Это прискорбное недоразумение пустило в Румынии глубокие корни. Искусственно подогреваемое из Германии и Австро-Венгрии, которым оно было на руку и которые занимали в Бухаресте преобладающее политическое положение со времени упрочения власти принца Карла Гогенцоллернского, сделавшегося после войны 1877 года первым королем Румынии, оно легло в основу русско-румынских отношений. Благодаря последовательности и методичности, с которыми велась в Бухаресте антирусская пропаганда, недоверие к России стало для румынских политических деятелей чем-то вроде политического догмата. Особенно недоброжелательство к нам питали консерваторы, придерживавшиеся германской ориентации и пользовавшиеся поэтому благоволением короля Карла, но ему не были чужды и их противники либерального лагеря, может быть, в силу семейных преданий своего вождя г-на Братияно. Как бы то ни было, в Румынии не было людей, относившихся не только дружелюбно к России, но даже просто беспристрастно. Редко кому приходило в голову до великой европейской войны, переоценившей все политические ценности, задать себе вопрос, могла ли ещё Румыния ожидать в будущем от России новых неприятностей или, перевернув вопрос, какую существенную пользу могла она приобрести от своей вражды к своей восточной соседке и от сближения с Австро-Венгрией, которая владела Трансильванией с её четырехмиллионным чисто румынским населением, представлявшим в культурном отношении ценную часть румынского народа. Правда, из Берлина и Вены Румынию обольщали перспективой присоединения не только вернувшихся к России придунайских уездов Бессарабии, но и всей этой области с её молдавским населением, не только не мыслящим себя румынами, каковыми они никогда не были, будучи присоединены к России по Бухарестскому миру 1812 года, когда Румынии ещё не существовало, а было только два раздельных между собой дунайских княжества, но и давно свыкнувшихся с русским правлением и достигших под властью России экономического и культурного развития, которым не обладала ни одна часть Румынии, где крестьянское население жило в состоянии, близком к крепостному праву [3]

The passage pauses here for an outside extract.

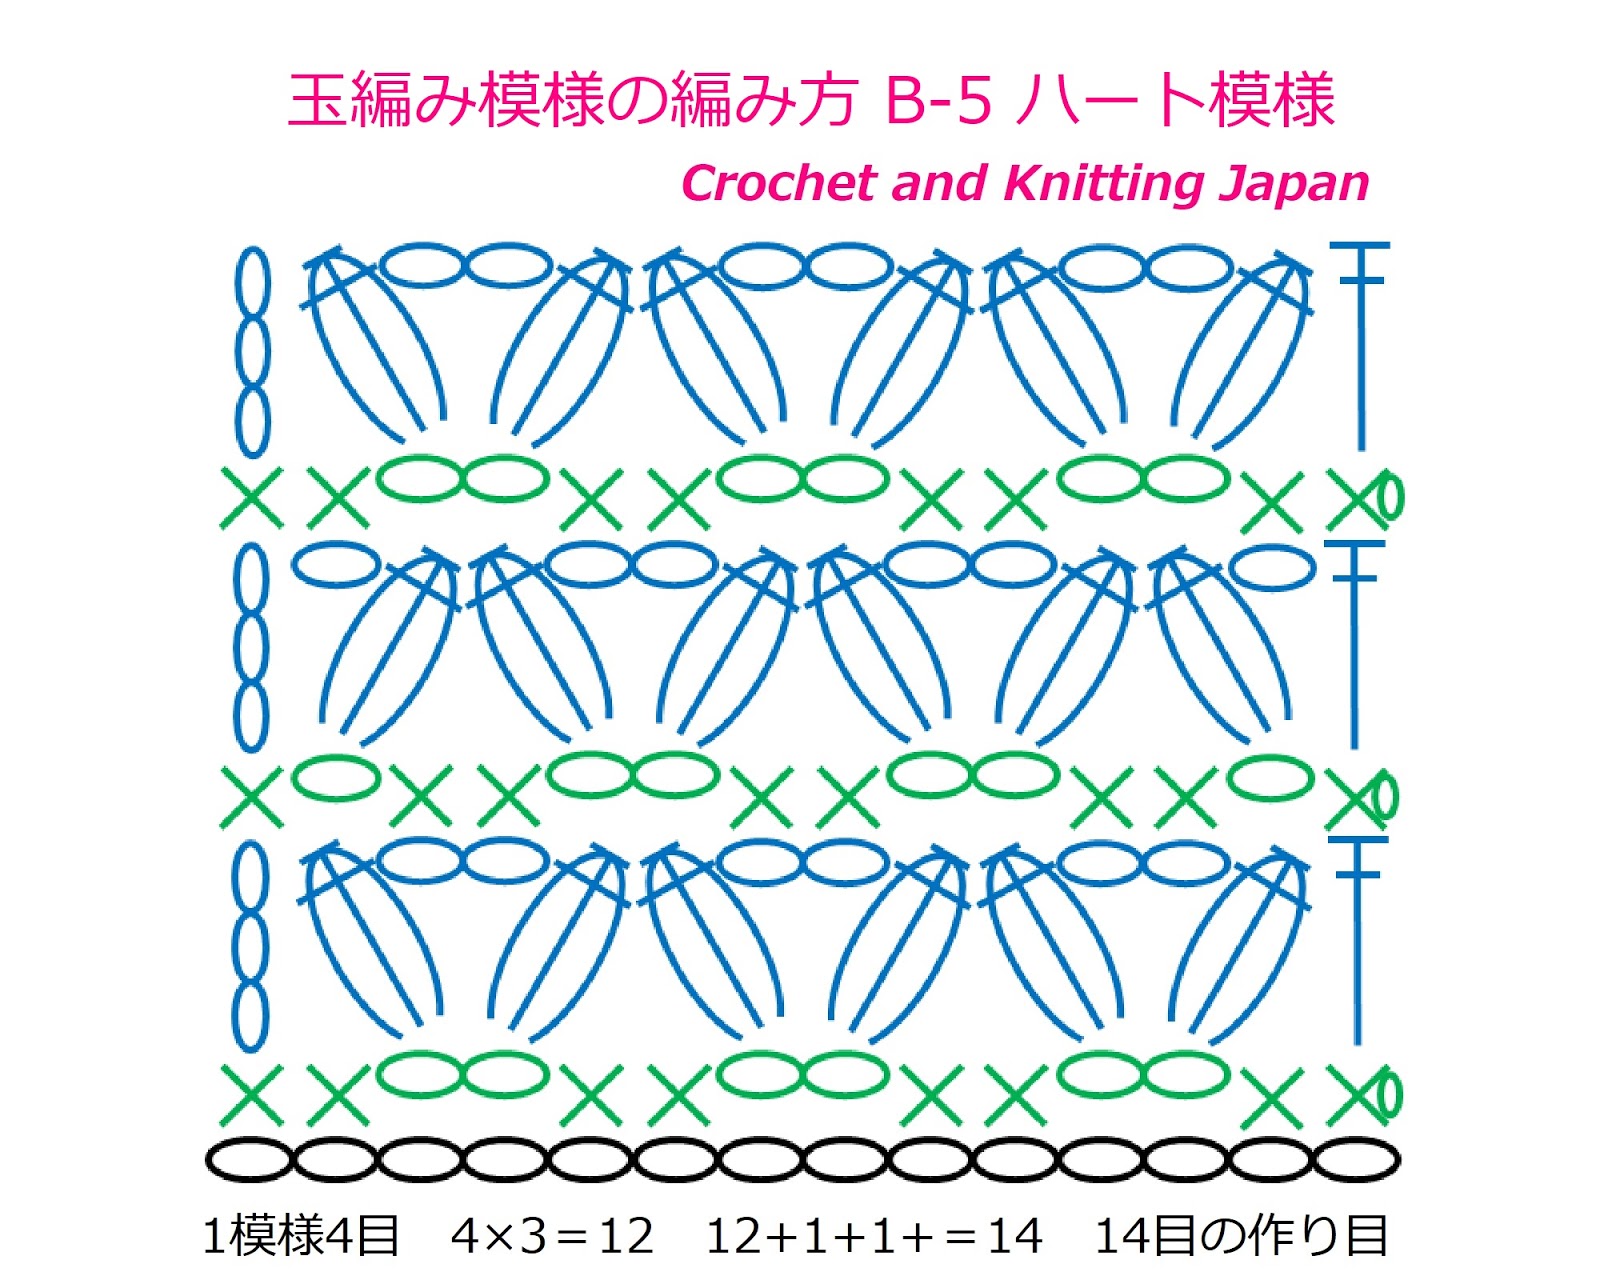 かぎ編み Crochet Japan クロッシェジャパン 玉編み模様の編み方 B 5 ハート模様 Crochet Cluster Stitch Crochet And Knitting Japan

. Само собой разумеется, что означенные перспективы могли обратиться в действительность лишь в случае победоносной войны с Россией, т. е. осуществление их было обставлено условиями, недостижимыми единоличными силами Румынии, что должно было значительно уменьшить их практическую ценность и вселить в благоразумных людей сомнение в целесообразности враждебной России политики [4].Наоборот, от сближения с Россией и остальными членами Тройственного согласия Румыния могла ожидать осуществления своего национального объединения приобретением пяти миллионов румын, которые находились под пятой мадьярского правительства и поэтому искренно мечтали о воссоединении с зарубежными братьями. Мне казалось, что задачей русского министра иностранных дел должно было быть помочь румынскому правительству и общественному мнению разобраться в сущности в весьма несложном вопросе его внешнеполитических интересов и, поскольку это зависело от русского правительства, привести Румынию к сознанию неправильности и нецелесообразности того пути, на который её поставили германские влияния как в самой стране, так и вне её. При этом я имел в виду, само собой разумеется, прежде всего служить интересам России, стараясь примирить с ней соседнюю страну, от которой мы ничего не желали, кроме приобретения её искреннего расположения, но которая, со своей стороны, могла ожидать от нас серьёзной помощи в деле своего национального возрождения, когда таковое было бы поставлено на очередь неизбежным ходом исторических событий.
Мой деятельный интерес к положению вещей в Румынии совпал с пробуждением там, в либеральном лагере, критического отношения к укоренившейся в придворных кружках и среди консерваторов привычке искать вдохновения только из германских источников. В этом отношении наибольшая заслуга принадлежала главе либерального правительства г-ну Братияно, находящемуся ныне после долгих перепитий снова у власти. Этим счастливым совпадением намеченная мной цель в значительной степени облегчалась. Я старался придать моим служебным отношениям с румынским посланником в Петрограде г-ном Диаманди более искренний и доверчивый характер, тем более что этот дипломат пользовался особым расположением г-на Братияно. Задача моя упрощалась ещё тем, что в г-не Диаманди я нашёл человека умного и свободного от многих устарелых политических предрассудков, охотно пошедшего навстречу моим примирительным попыткам. С другой стороны, я добивался той же цели путем тщательного выбора наших представителей в Бухаресте, которым давал инструкции в смысле установления возможно дружественных отношений с румынским правительством и обществом.